Start of The data

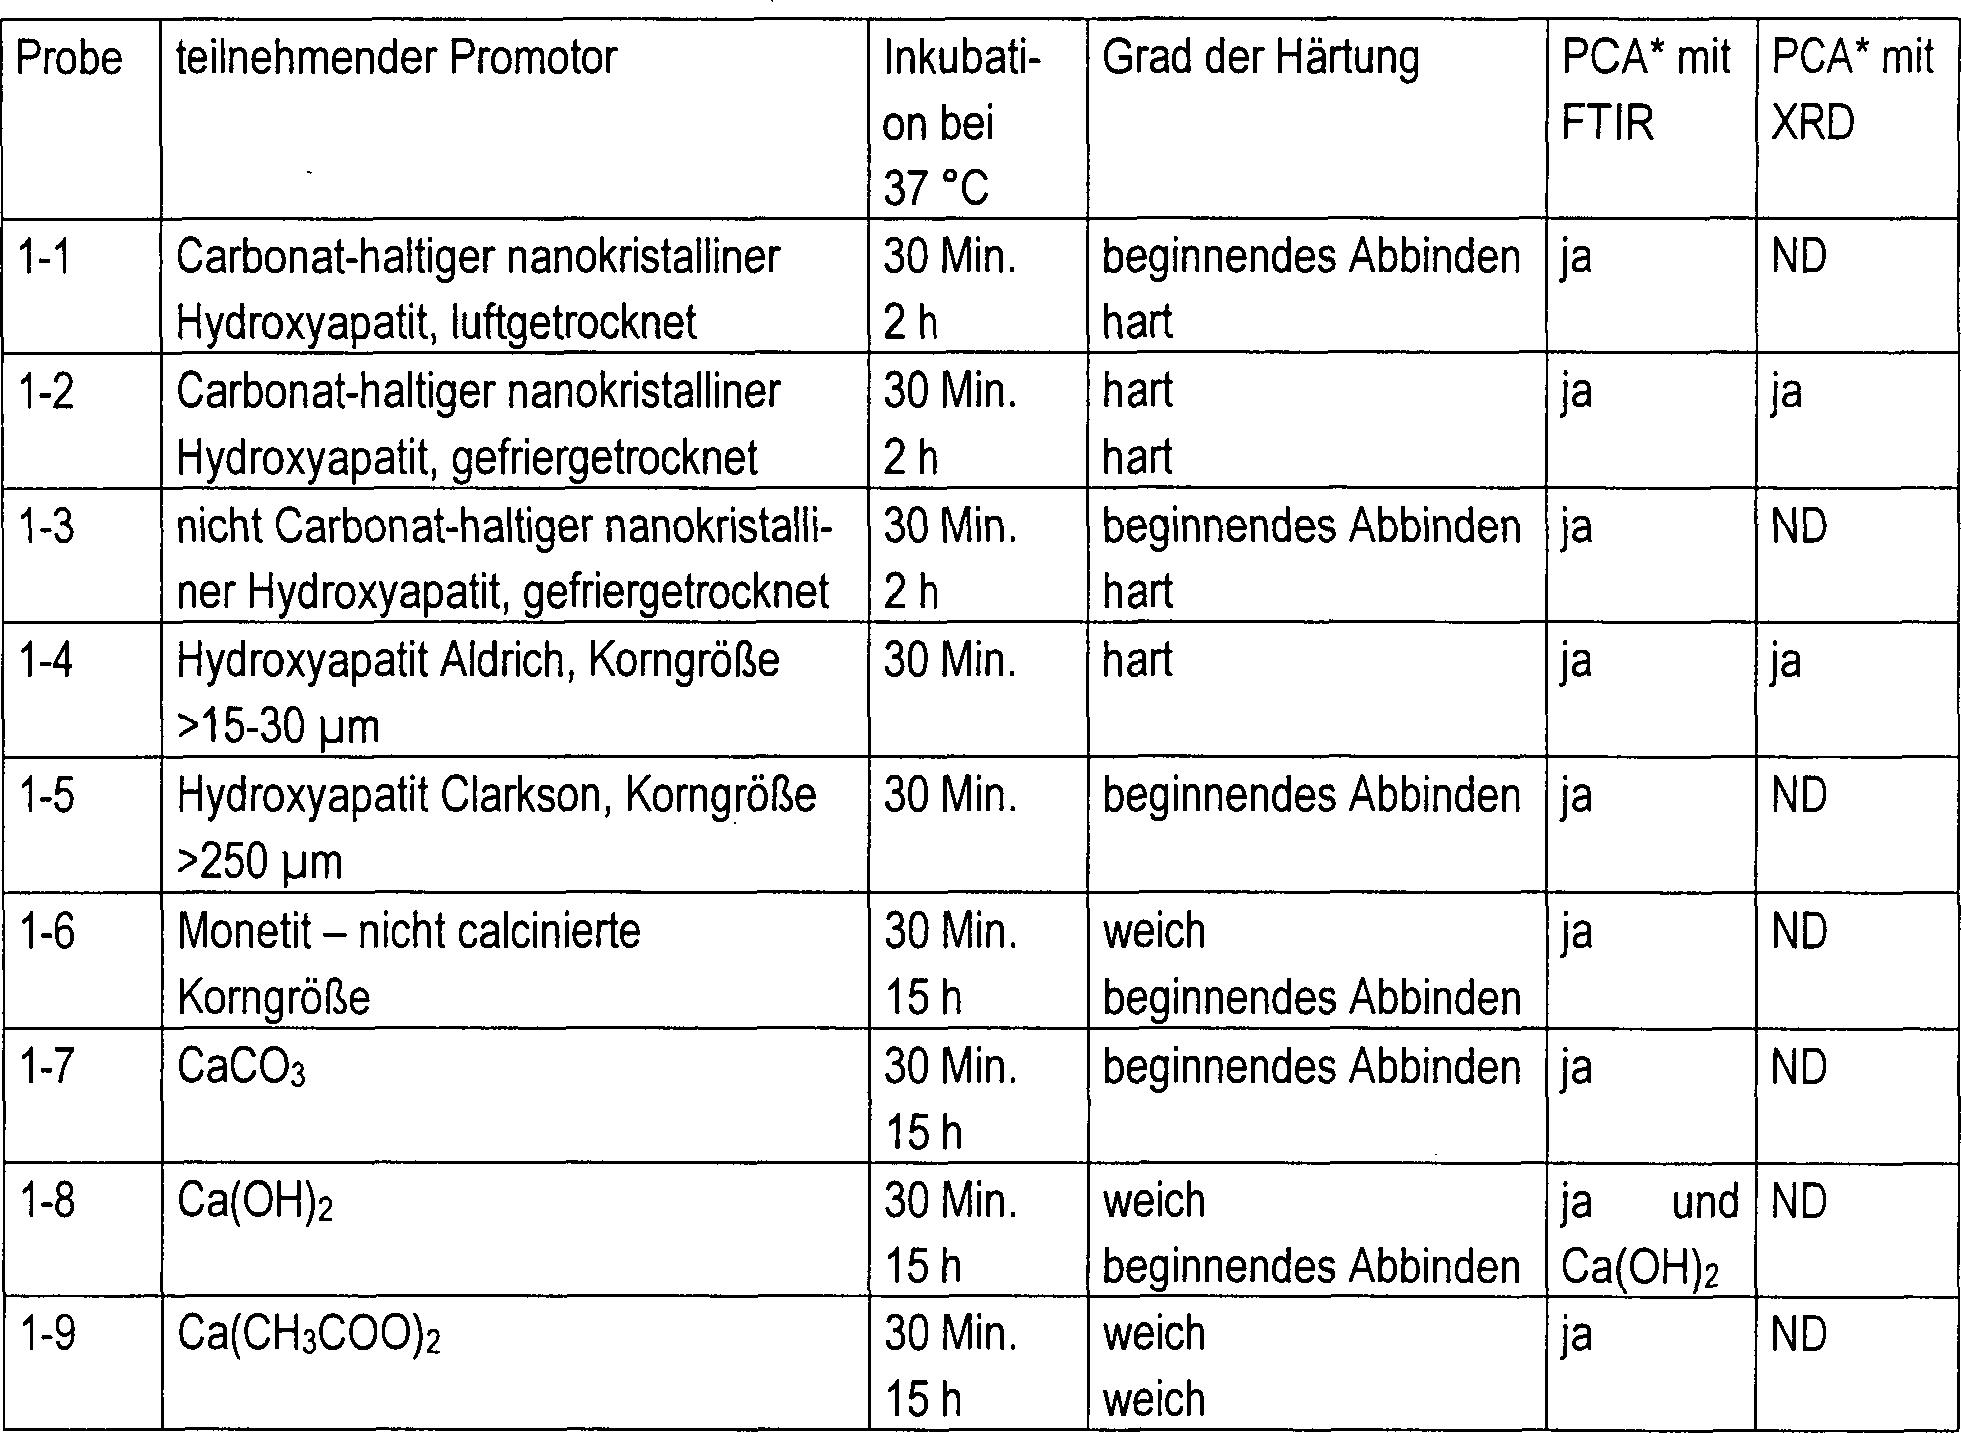 de69729647t2 - a process for preparing wenigkristallinem calcium
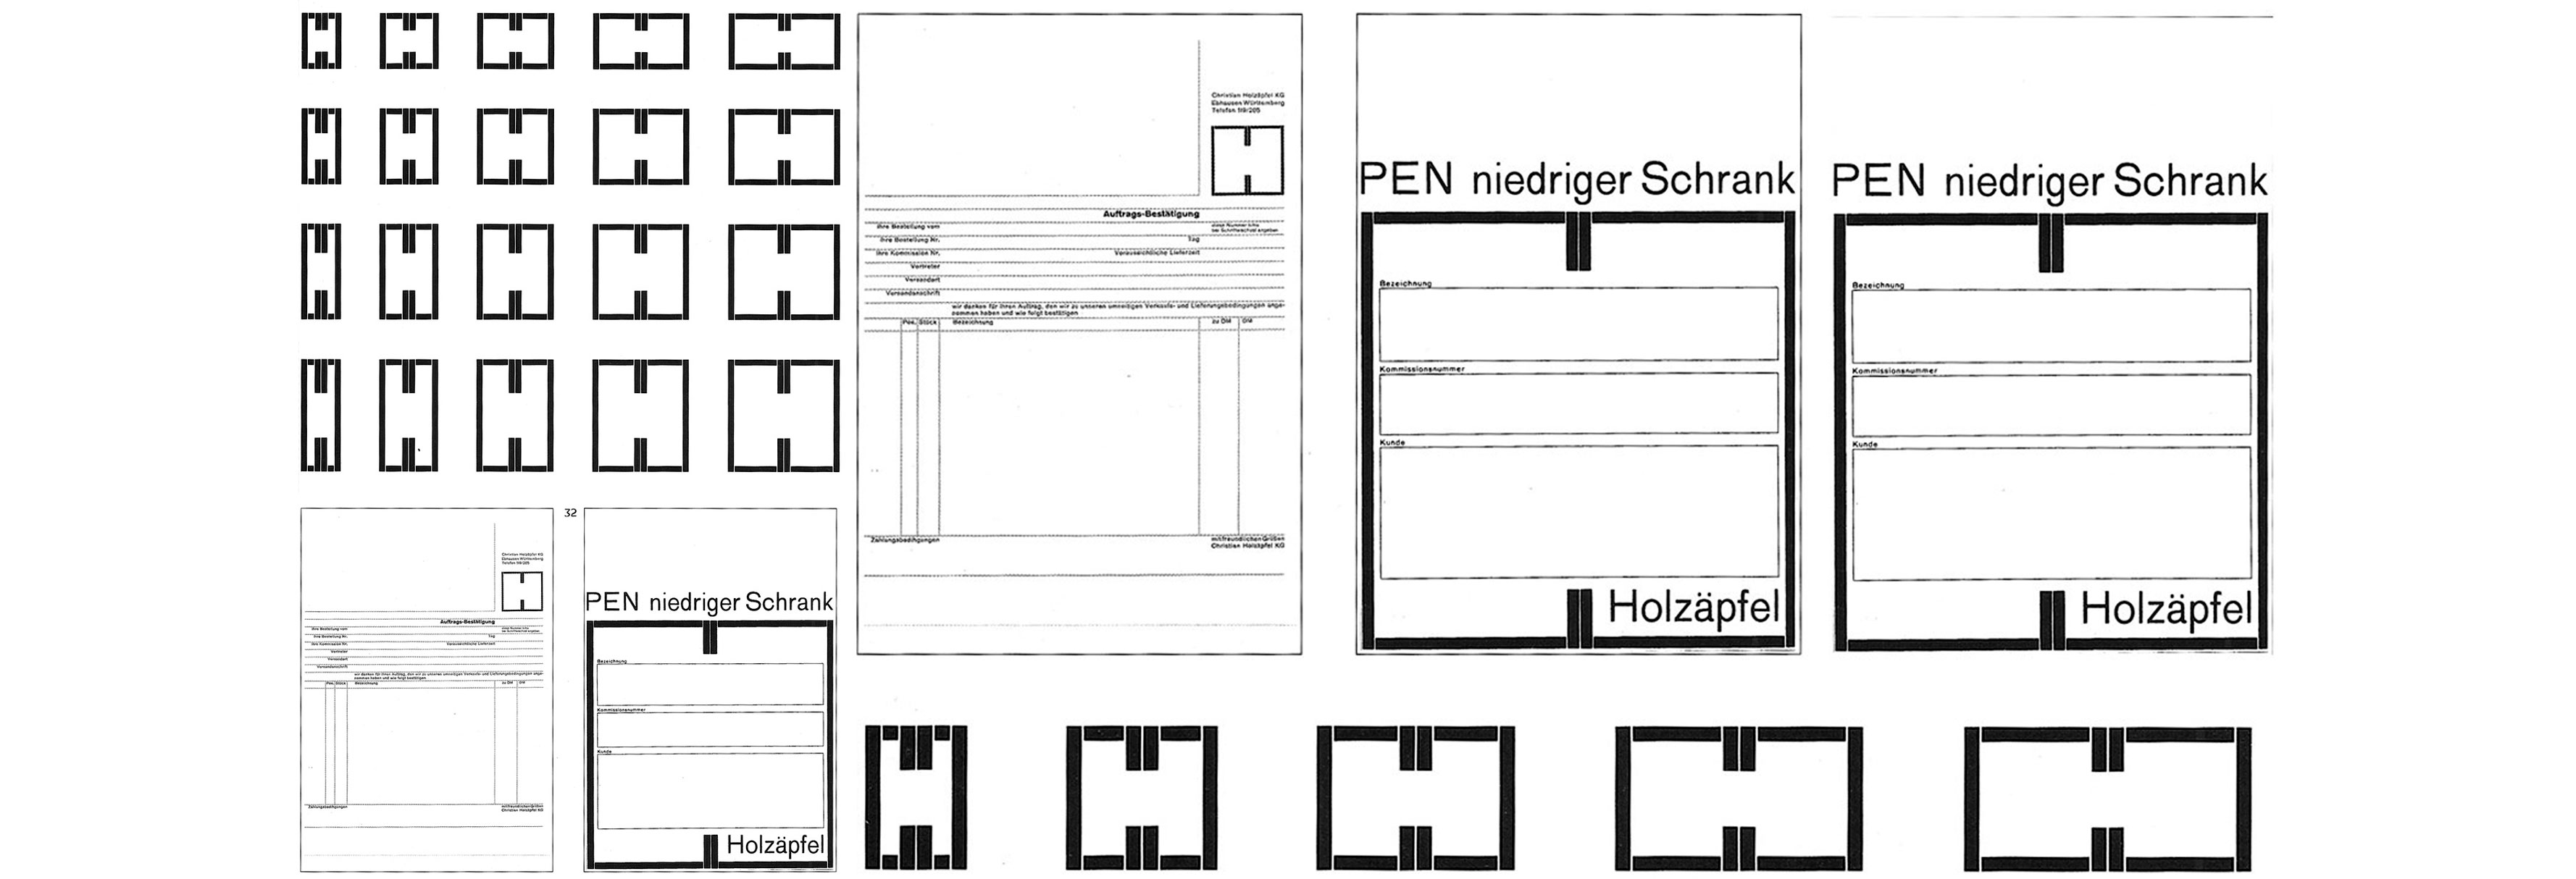 Karl-Gerstner-identity-holzapfel-1959-furniture
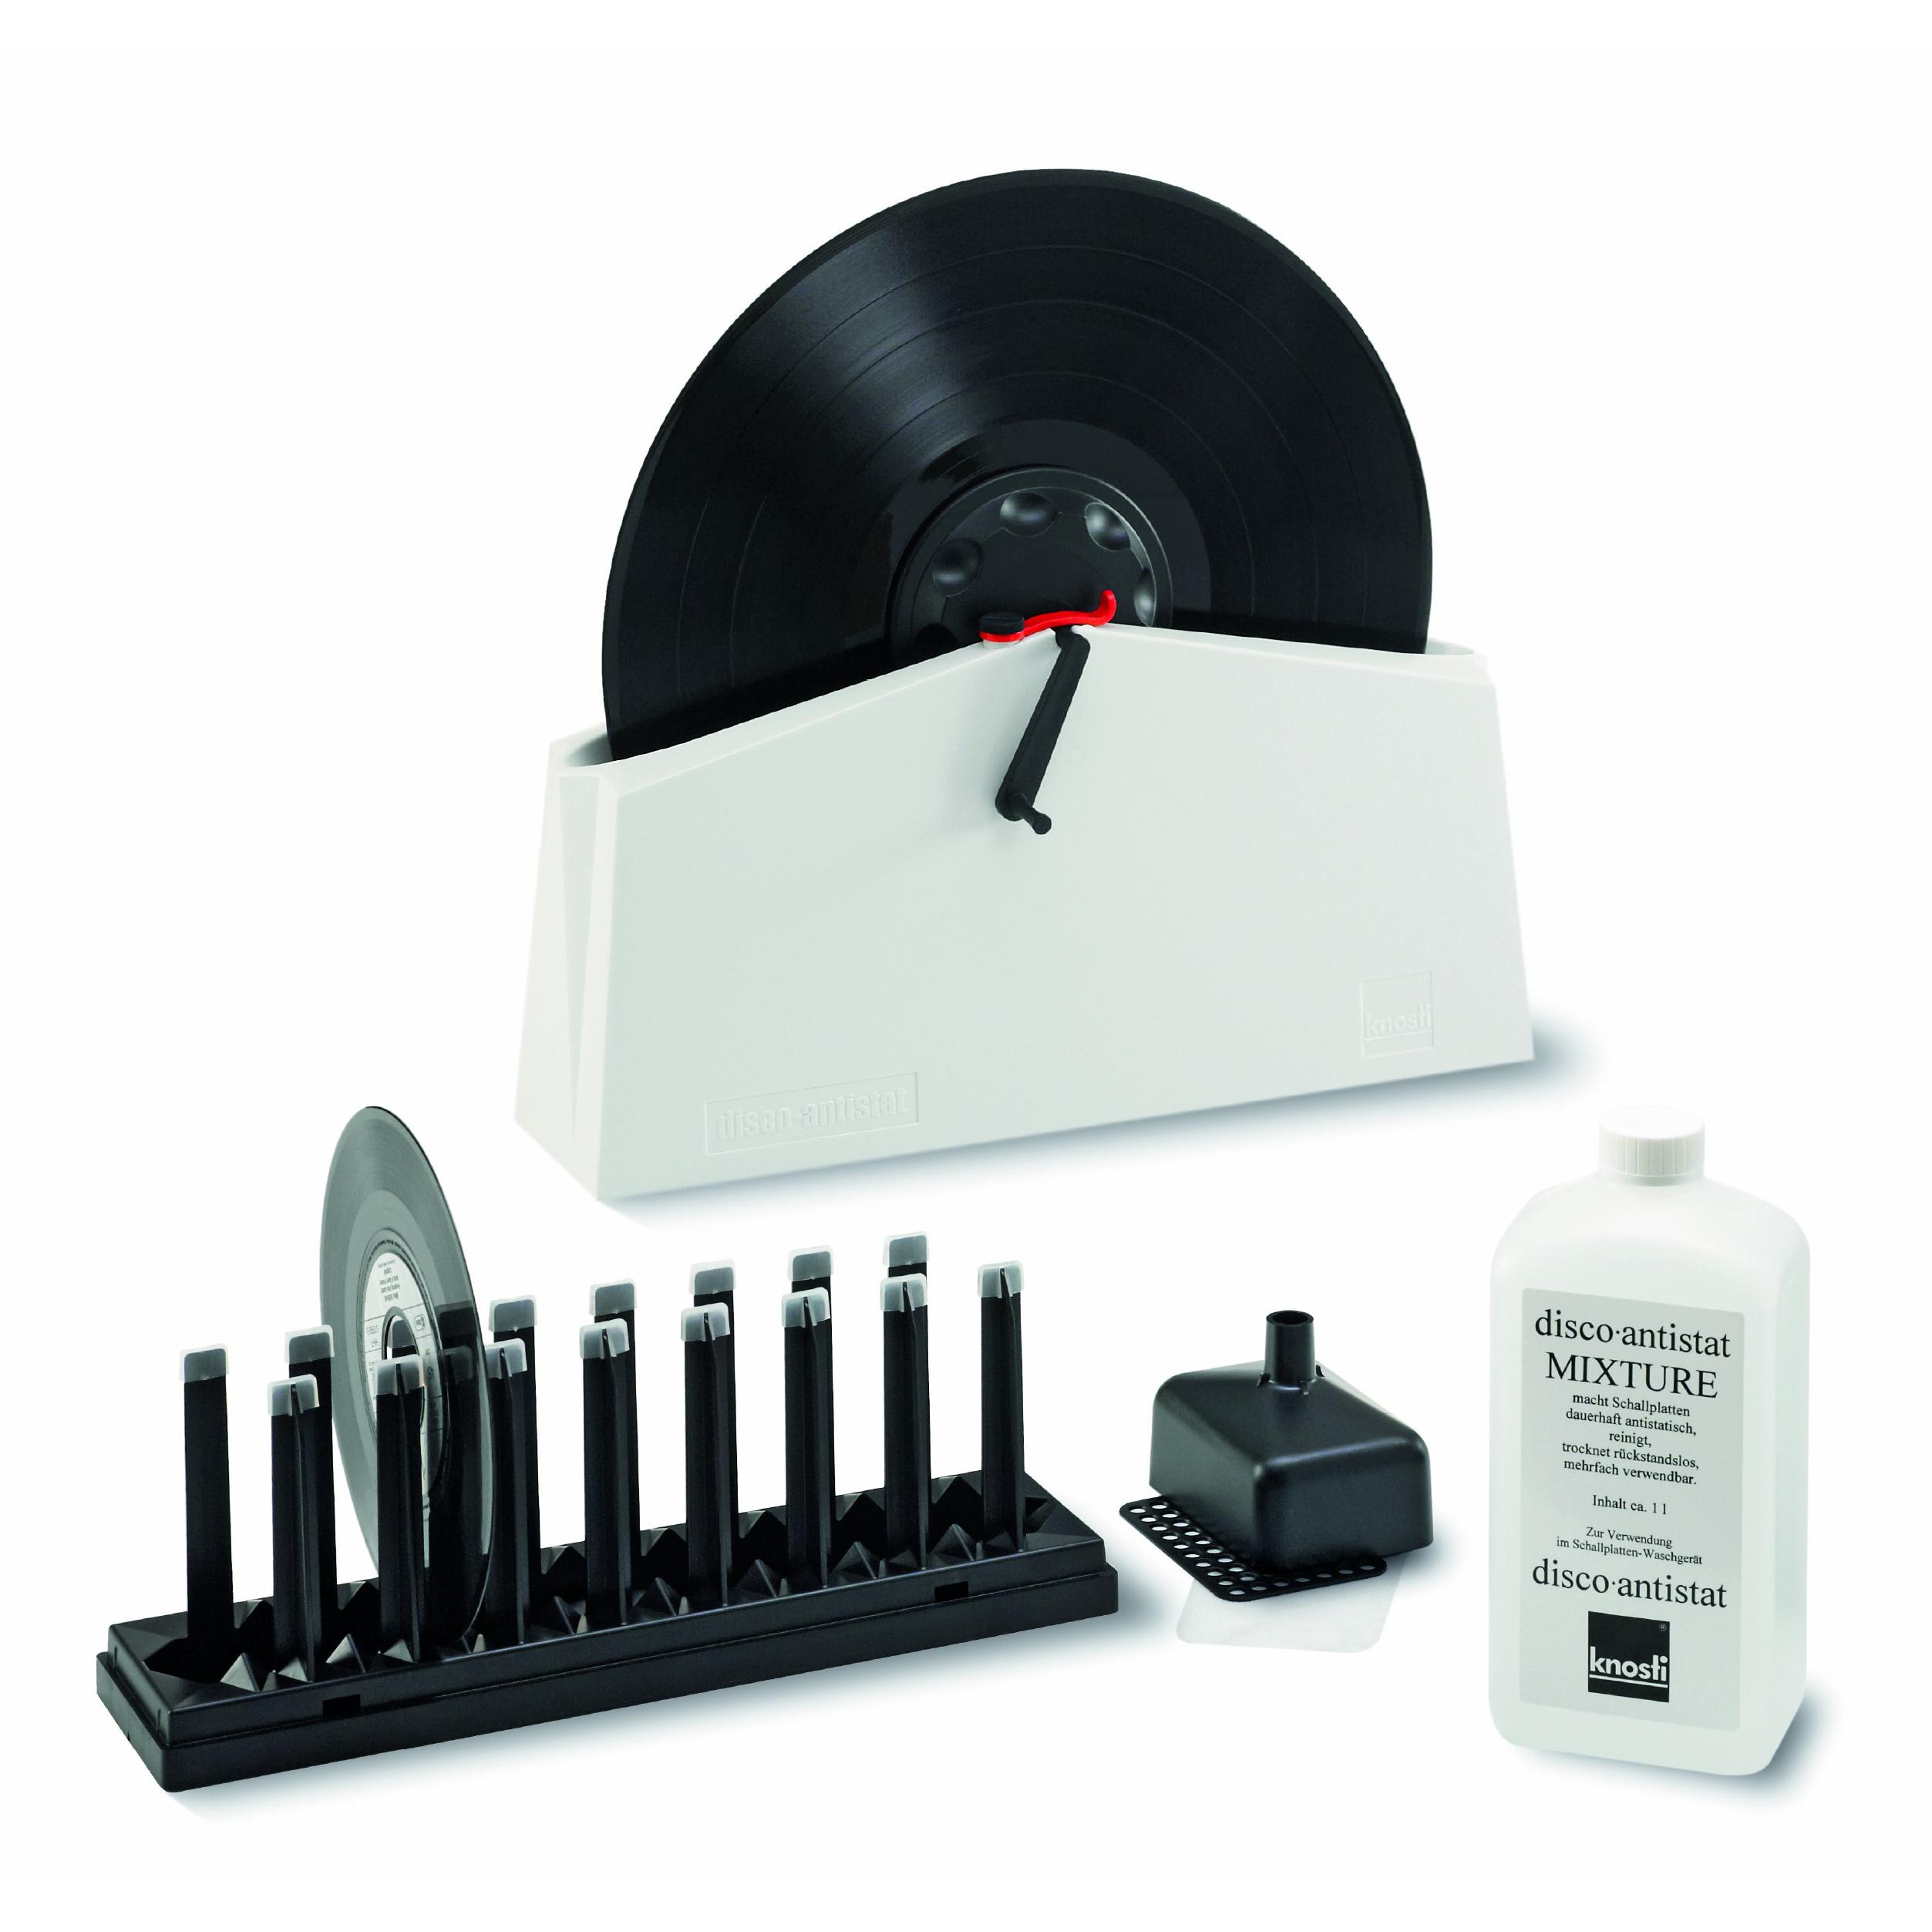 knosti disco antistat generation II platenwasmachine

End of The data

§ Task item
The answer must consist solely of the lines from the line containing "Karl-Gerstner-identity-holzapfel-1959-furniture" to the end of the data, reproduced exactly, with every picture left out.

§ Task output
 Karl-Gerstner-identity-holzapfel-1959-furniture
 knosti disco antistat generation II platenwasmachine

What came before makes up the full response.